Classmate: “Finland is so much better than the USA. UGGGGGHHHHHH.”
Me: “So, so true. Hey, you really should move there.”
This next exchange happened in an alternate universe (the year 2005, for example) in which I could praise the USA without dealing with a potential s***storm after a classmate puts my face on social media.
Classmate: “Finland is so much better than the USA. UGGGGGHHHHHH.”
Me: “Never mind Finland’s roughly equal size and population to Colorado or the fact that the US has 330 million people. If Colorado became independent I think it’s safe to say that it’s literacy rate, like Finland, would be 100%. Without the federal government, it would make strides in other ways too. But then it would realize that it can’t freely mooch off the other states (read: California, Alaska, and New York) anymore and it would want to come back. Do you think that governing 330 million people is the same as governing 5 million people?”
The USA is regularly compared to other technologically advanced countries like Spain, Singapore, Norway, and Japan. Those countries (combined) comprise 55% of the US population. In reality, the US should be compared to Indonesia, Nigeria, Brazil, or Pakistan. It’s easy to take clean tap water (and other government-led institutions) for granted, and it’s too tempting to compare the USA to Scandinavia. The USA could eat Scandinavia.
Not only am I spoiled to live in one of two big countries with clean tap water (Japan is the only other country with 100+ million people and safe tap water), I live in the capital of great water.
Louisville natives are oft mocked for bragging about something as silly as great water, but jealousy can be forgiven. Every city has its flaws. Some Louisville natives may brag about the water and some Lexington natives may send death threats to referees of college basketball games, but these are both harmless flaws. Long live Louisville water.

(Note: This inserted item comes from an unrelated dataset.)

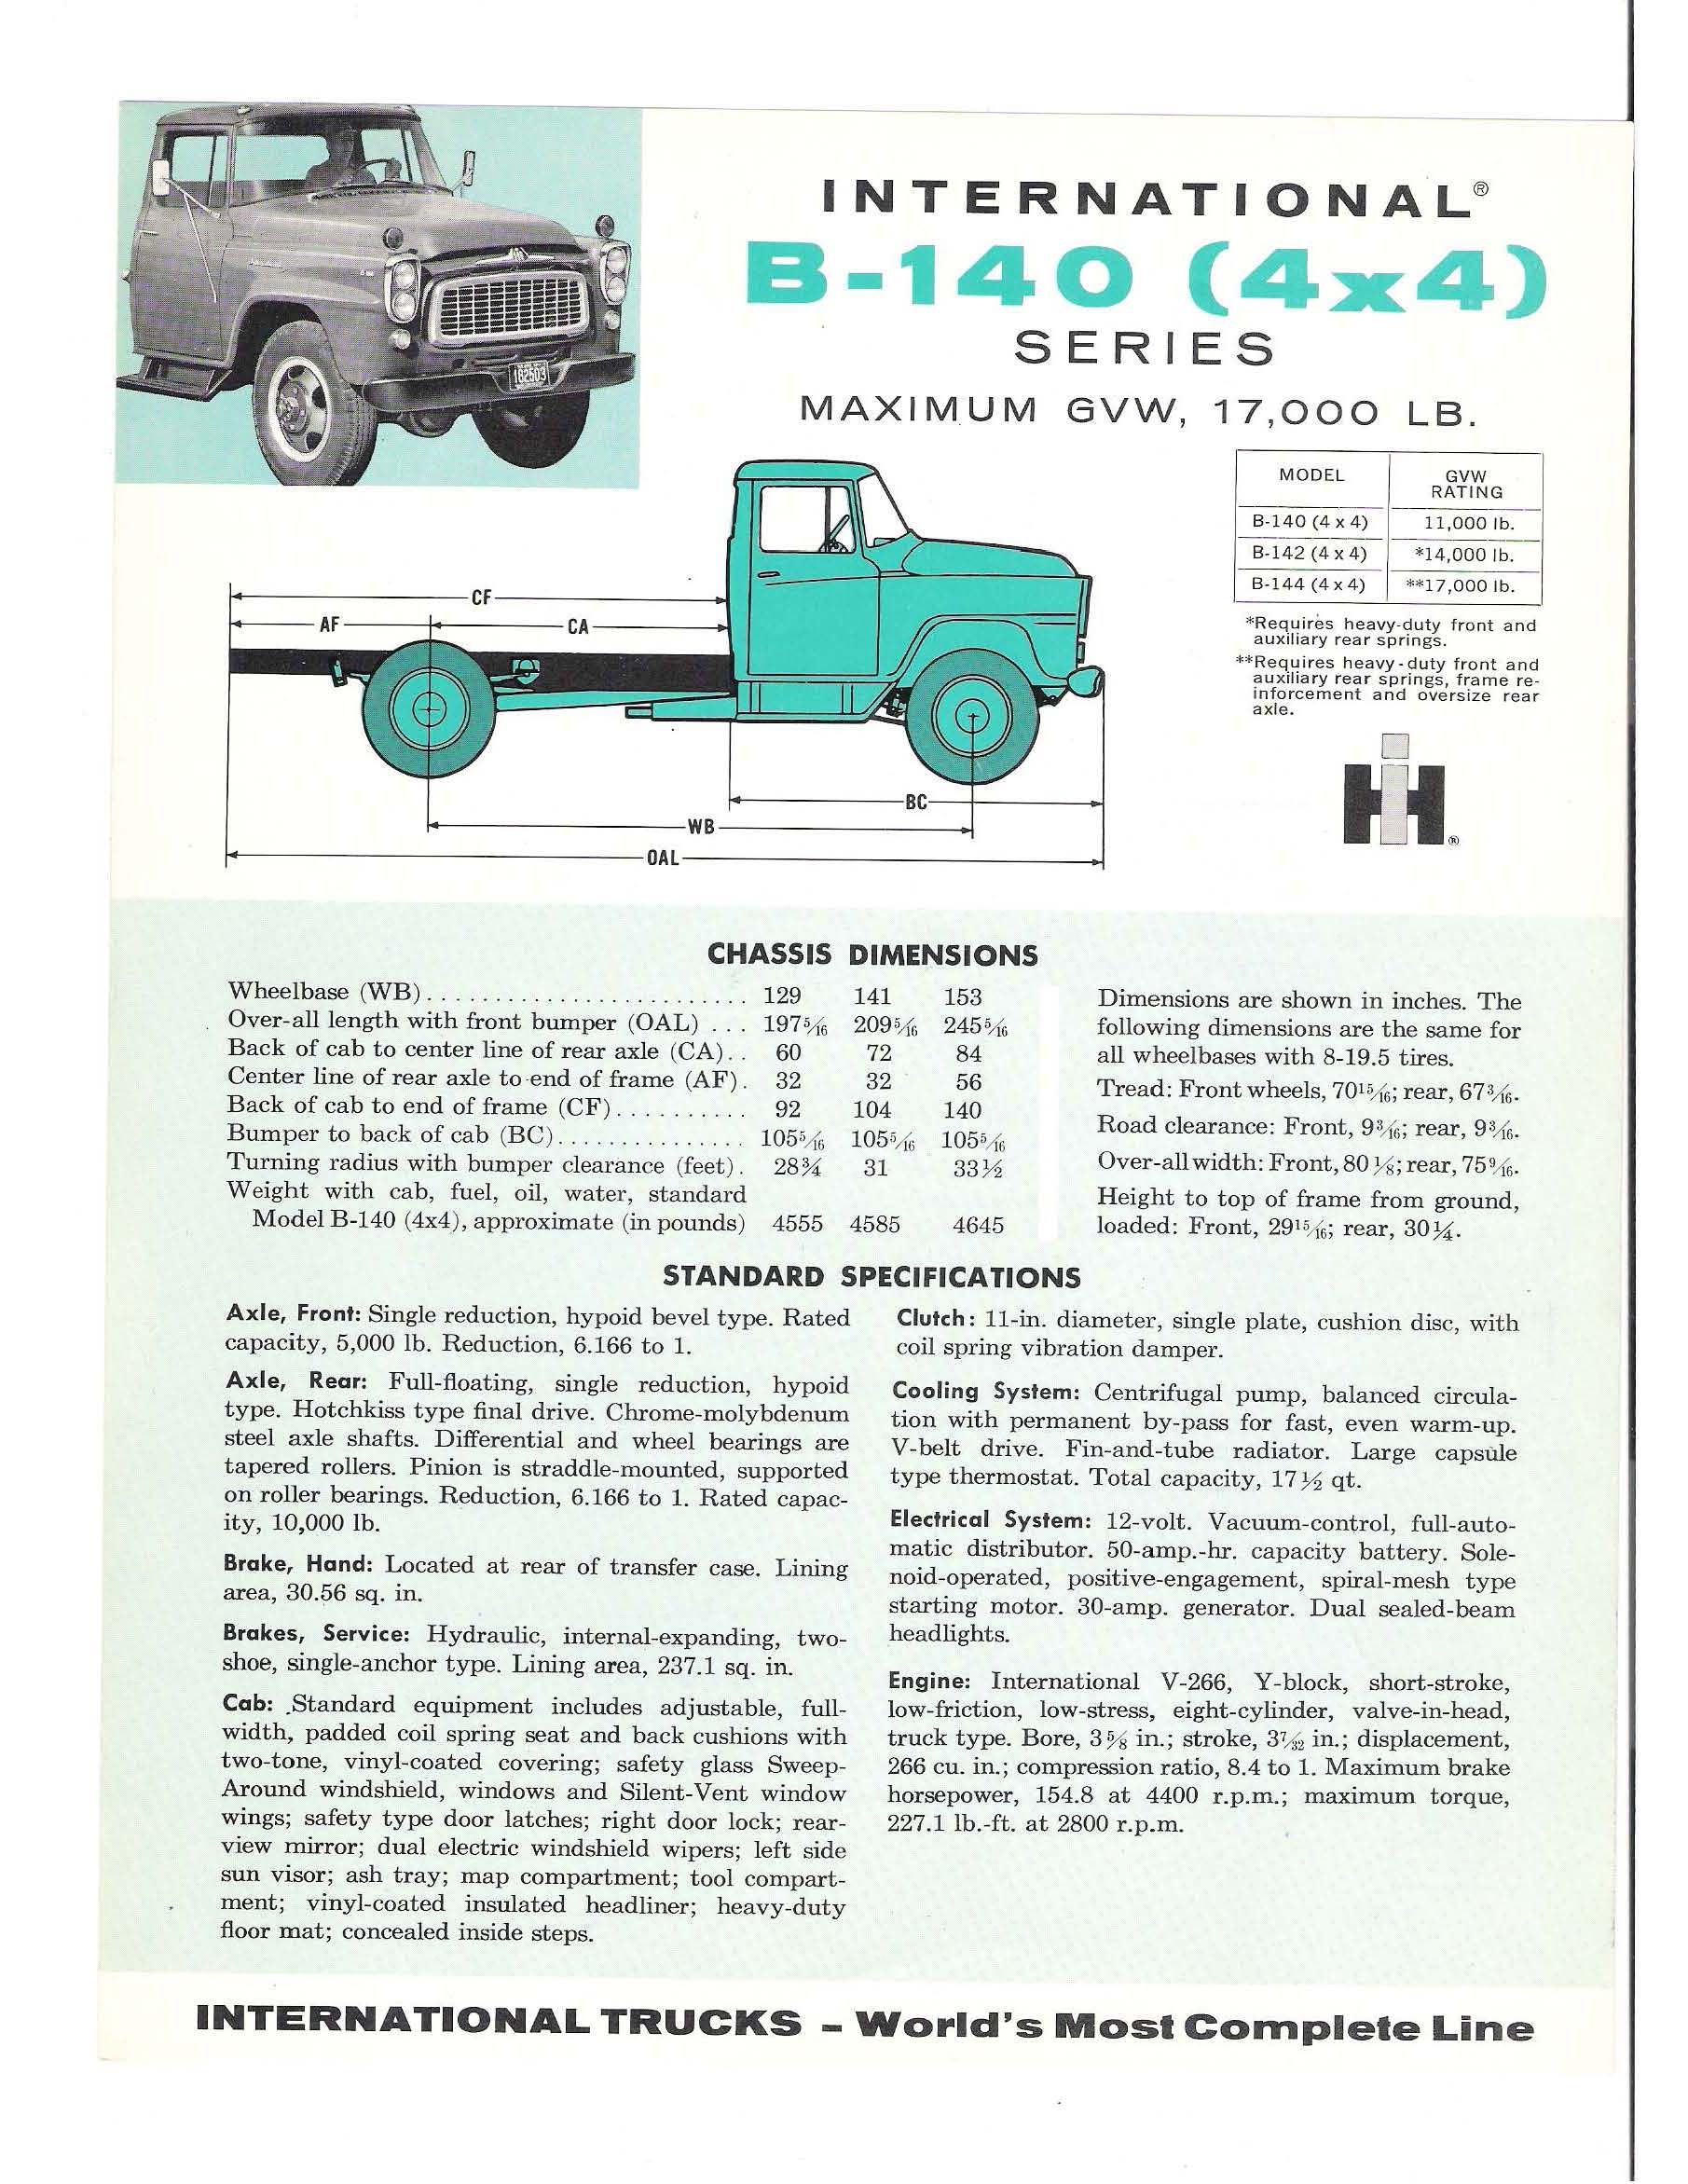 1959 International B-140 4X4 Series

The military police is nothing unusual
Trump has spoken out in favor of arming teachers, and although Mexico doesn’t go that far, every school that I saw had military police bearing machine guns at the entrance. Seeing heavily-armored men is commonplace in Mexico. I never really adjusted to this military presence, which made for interesting discussions with my students about American gun violence.

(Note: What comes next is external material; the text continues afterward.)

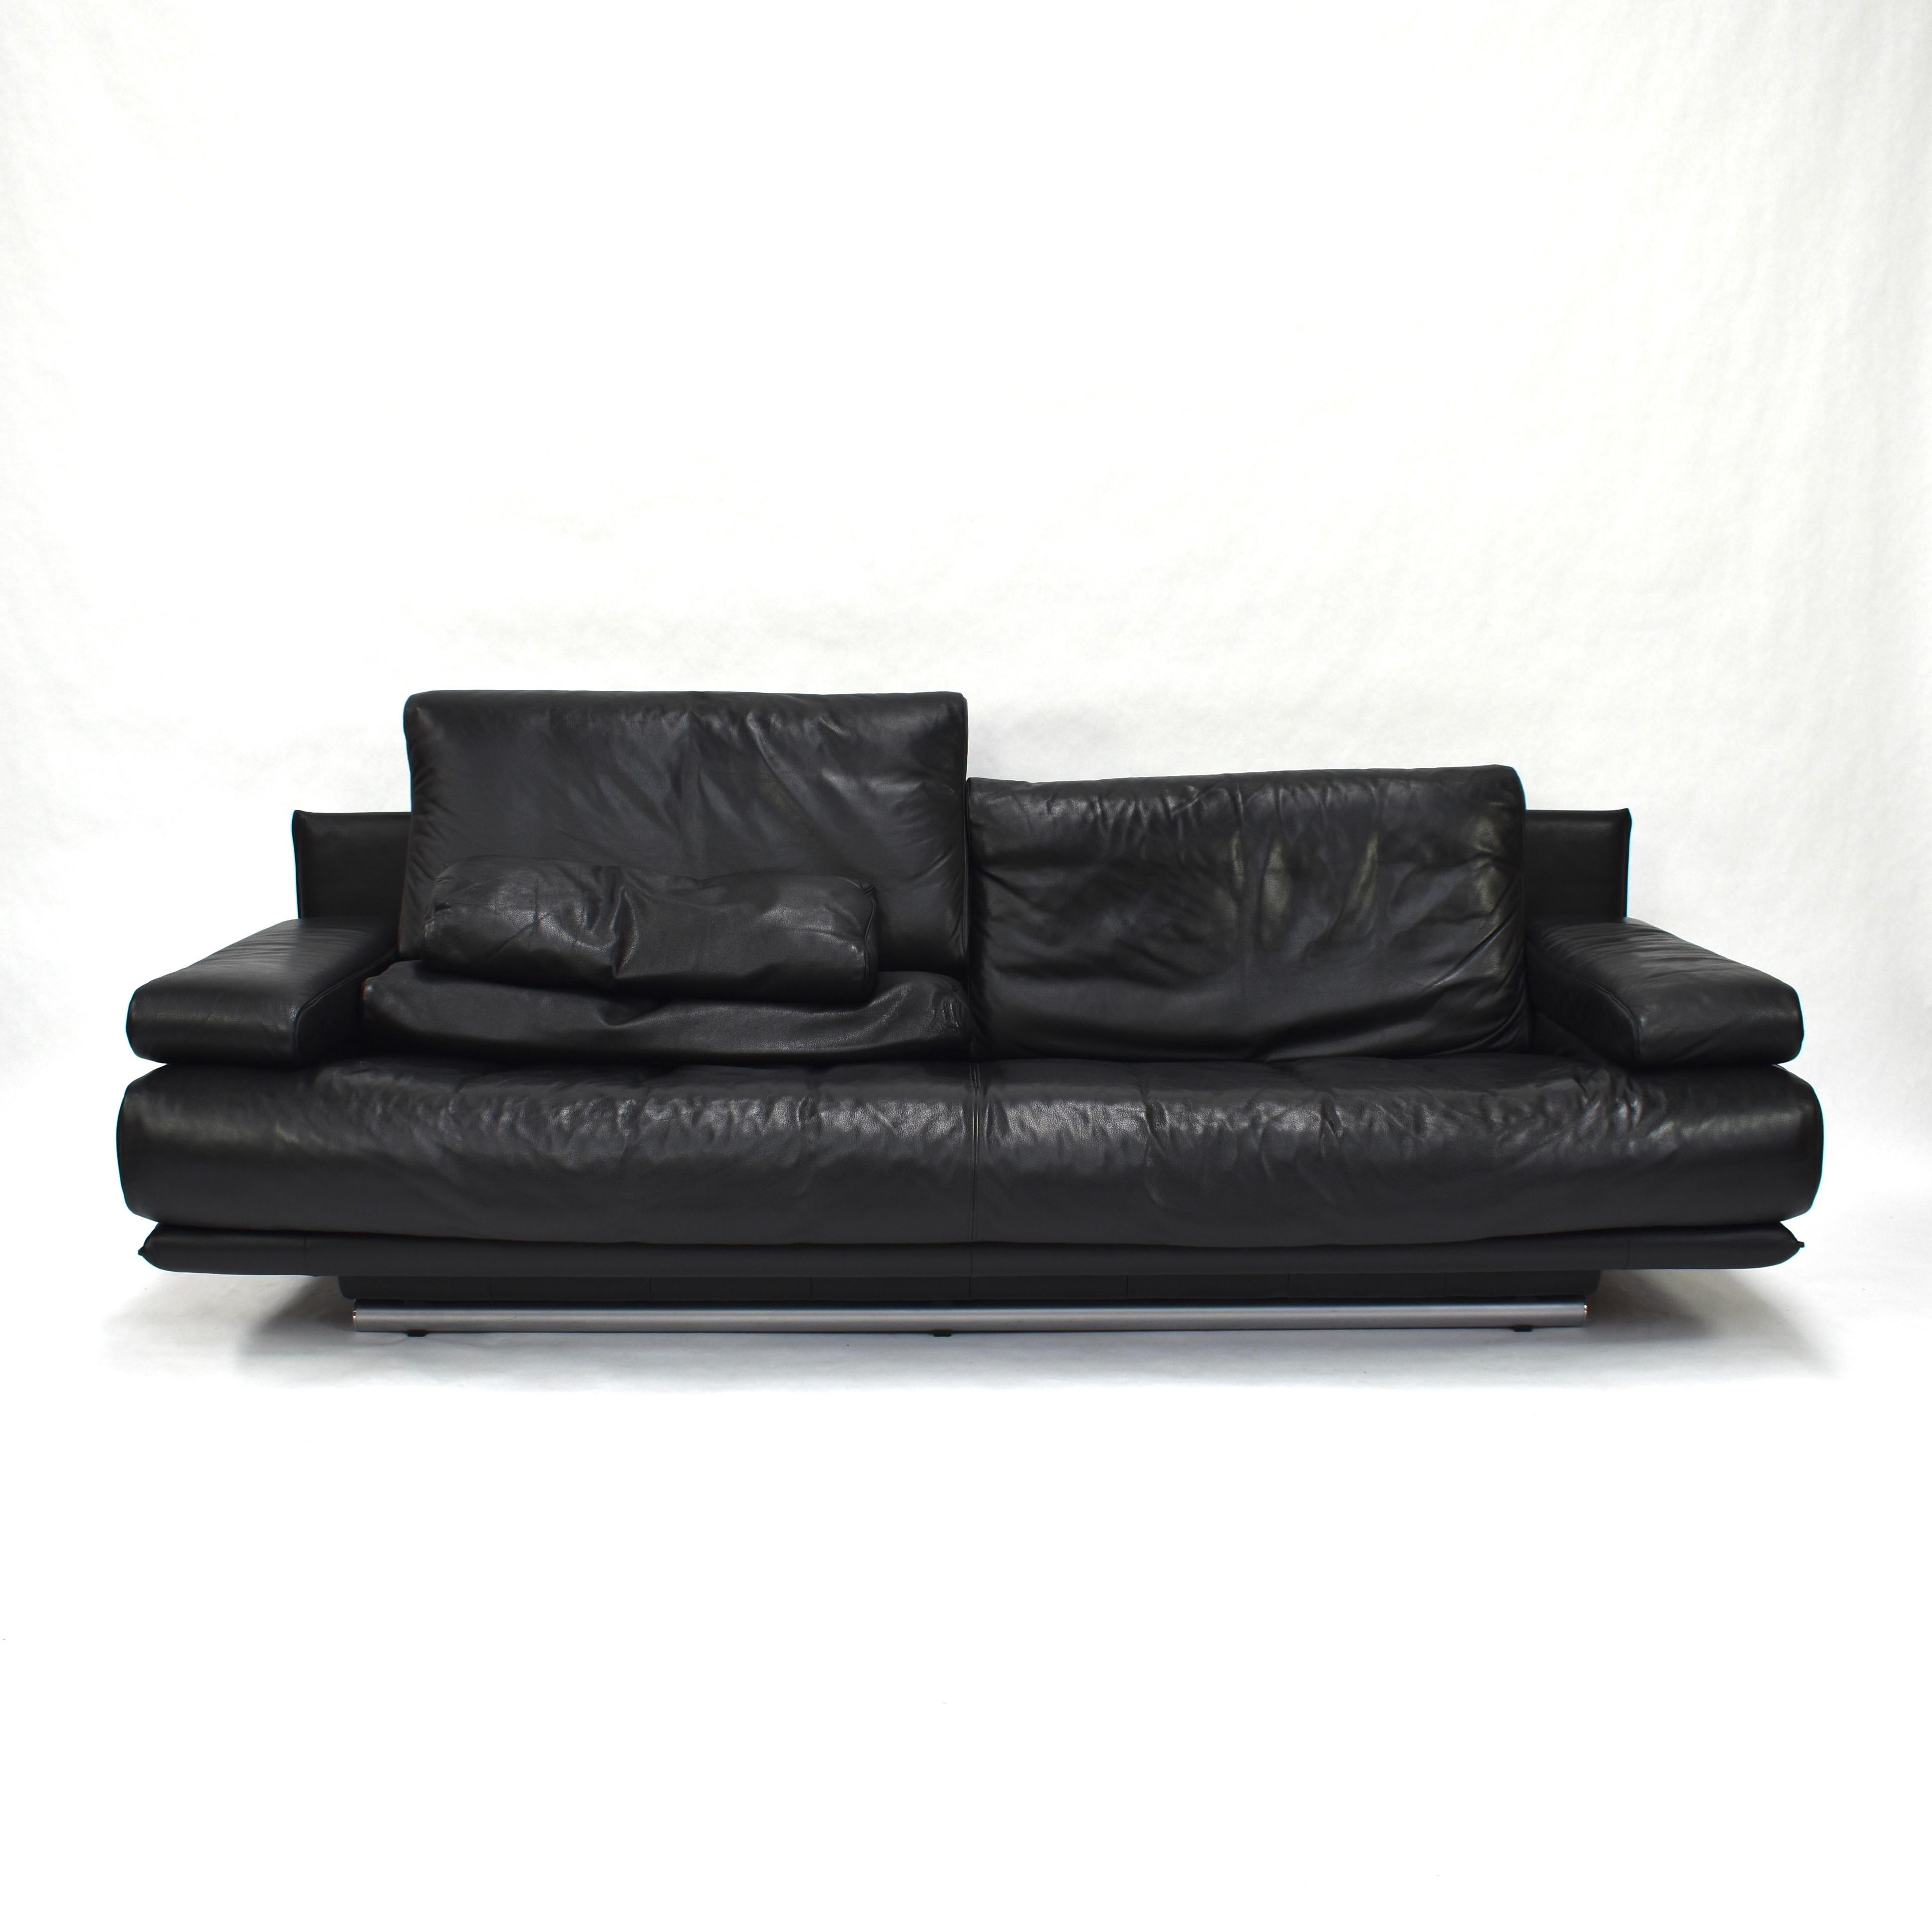 20th Century Rolf Benz Model 6500 Sofa in Black Leather by Mathias Hoffmann

Side note: if you are in the visitor’s section of a soccer game and the home team wins, stay on your toes. I found myself running down the hallway from the riot police after a man thought it would be wise to charge at a dozen armored guards. You really don’t see women doing things like that.
Sometimes you have to close your eyes and pray…
as the taxi driver after the aforementioned soccer game drives down the oncoming highway ramp to “avoid traffic” in Guadalajara (also a great restaurant chain in Danville, Ky!) All good man, no need to ask your eight passengers for permission before putting their lives on the line to dodge 15 minutes of traffic.